Normative Test Vector

The value hash of tel-schema.tel — the schema-for-schemas defined in §20.5 of the TEL Specification — is:

BLAKE3-256: 626dd8958809da354a2f8bd9f7dac1cfda7f549ecbe047eb0d8c0a17c278d517
BASE-256:   bmῘƕẈȉῚ5JįẋÙỷῚӁϏῚſTΞϋàGӫḍẌЊЗӂxϕЗ

A conforming implementation that encodes the canonical tel-schema.tel (1651 BinTEL bytes; raw bytes recorded in demo/tel-schema.bintel.hex) and hashes the resulting document-root encoding MUST produce this value byte-for-byte. The same value appears in §20.5 of the TEL Specification; the two specifications are pinned to this single vector.

4. Integer Encoding

All counts and byte-lengths in BinTEL are non-negative integers encoded in a variable-length format. To encode an integer N:

  1. Set B = N & 0x7F (the seven least-significant bits of N).
  2. Set N = N >> 7.
  3. If N > 0, set bit 7 of B (i.e. B = B | 0x80) and write the byte B; then repeat from step 1.
  4. If N = 0, write B as the final byte (bit 7 is clear).

The result is one or more bytes. Every byte except the last has bit 7 set (a continuation byte). The last byte has bit 7 clear. The seven low-order bits of each byte, concatenated from least-significant (first byte) to most-significant (last byte), reconstruct the original integer.

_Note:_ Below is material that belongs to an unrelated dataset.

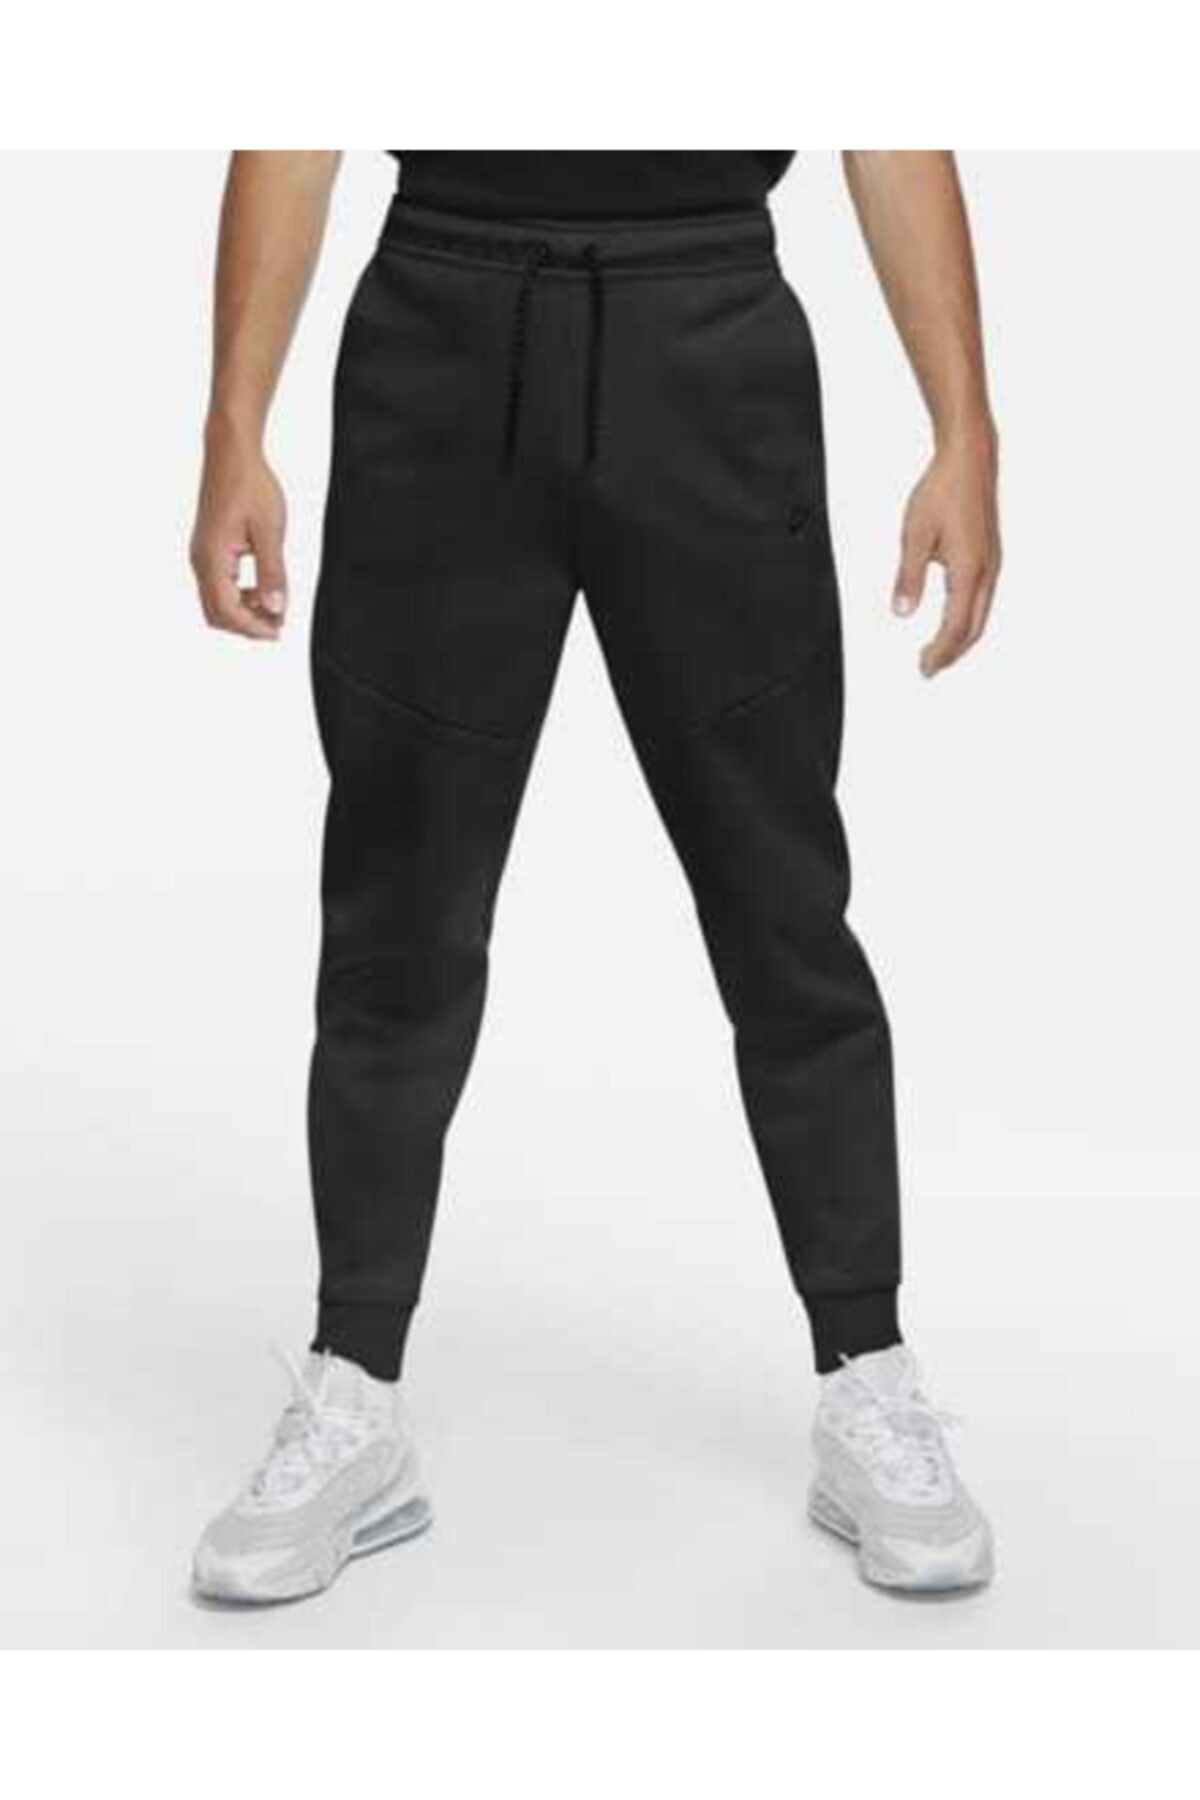 Nike Sportswear Tech Fleece Jogger Erkek Siyah Renk Eşofman Altı

Decoding: read bytes in sequence; for each byte, take bits 0–6 and OR them into the accumulator at the current bit offset; advance the bit offset by 7. If bit 7 of the byte is set, read the next byte; otherwise the integer is complete.

ValueEncoded bytes (hex)
000
101
1277F
12880 01
255FF 01
16383FF 7F
1638480 80 01

5. Keyword Index

The keyword index of a child element is its zero-based position in the keyword order of the parent's Struct type (§20 of the TEL Specification). Keyword order is a flat sequence: each Field member contributes a single entry; each Select member contributes one entry per variant, in declaration order. The keyword index uniquely identifies both the parent member and (for a Select) the specific variant.

A keyword index is encoded as a single variable-length integer (§4). Because the schema determines the type of every node from its keyword index and its parent's type, BinTEL encodes no type tags. A decoder reads the keyword index, looks it up in the parent's keyword order to recover both the keyword and the resolved child type, and proceeds with the corresponding type-specific encoding of §7.1.

6. File Layout

A BinTEL document is a self-contained byte sequence whose total length is determined by parsing its fields; there is no top-level length prefix. A BinTEL document represents exactly one TEL semantic model and is schema-bound: every BinTEL document carries a non-empty schema signature that identifies the schema used to interpret its keyword indices. Untyped TEL documents (the absent-schema row of §8.2 of the TEL Specification) cannot be encoded as BinTEL. A byte sequence consisting of two or more concatenated BinTEL documents is not a conforming BinTEL document; a producer MUST NOT emit such a sequence and a decoder MUST treat any bytes following a complete document root as a framing error (§10) rather than as a second document. Any embedding that needs to multiplex BinTEL documents over a shared channel is responsible for framing at its own layer.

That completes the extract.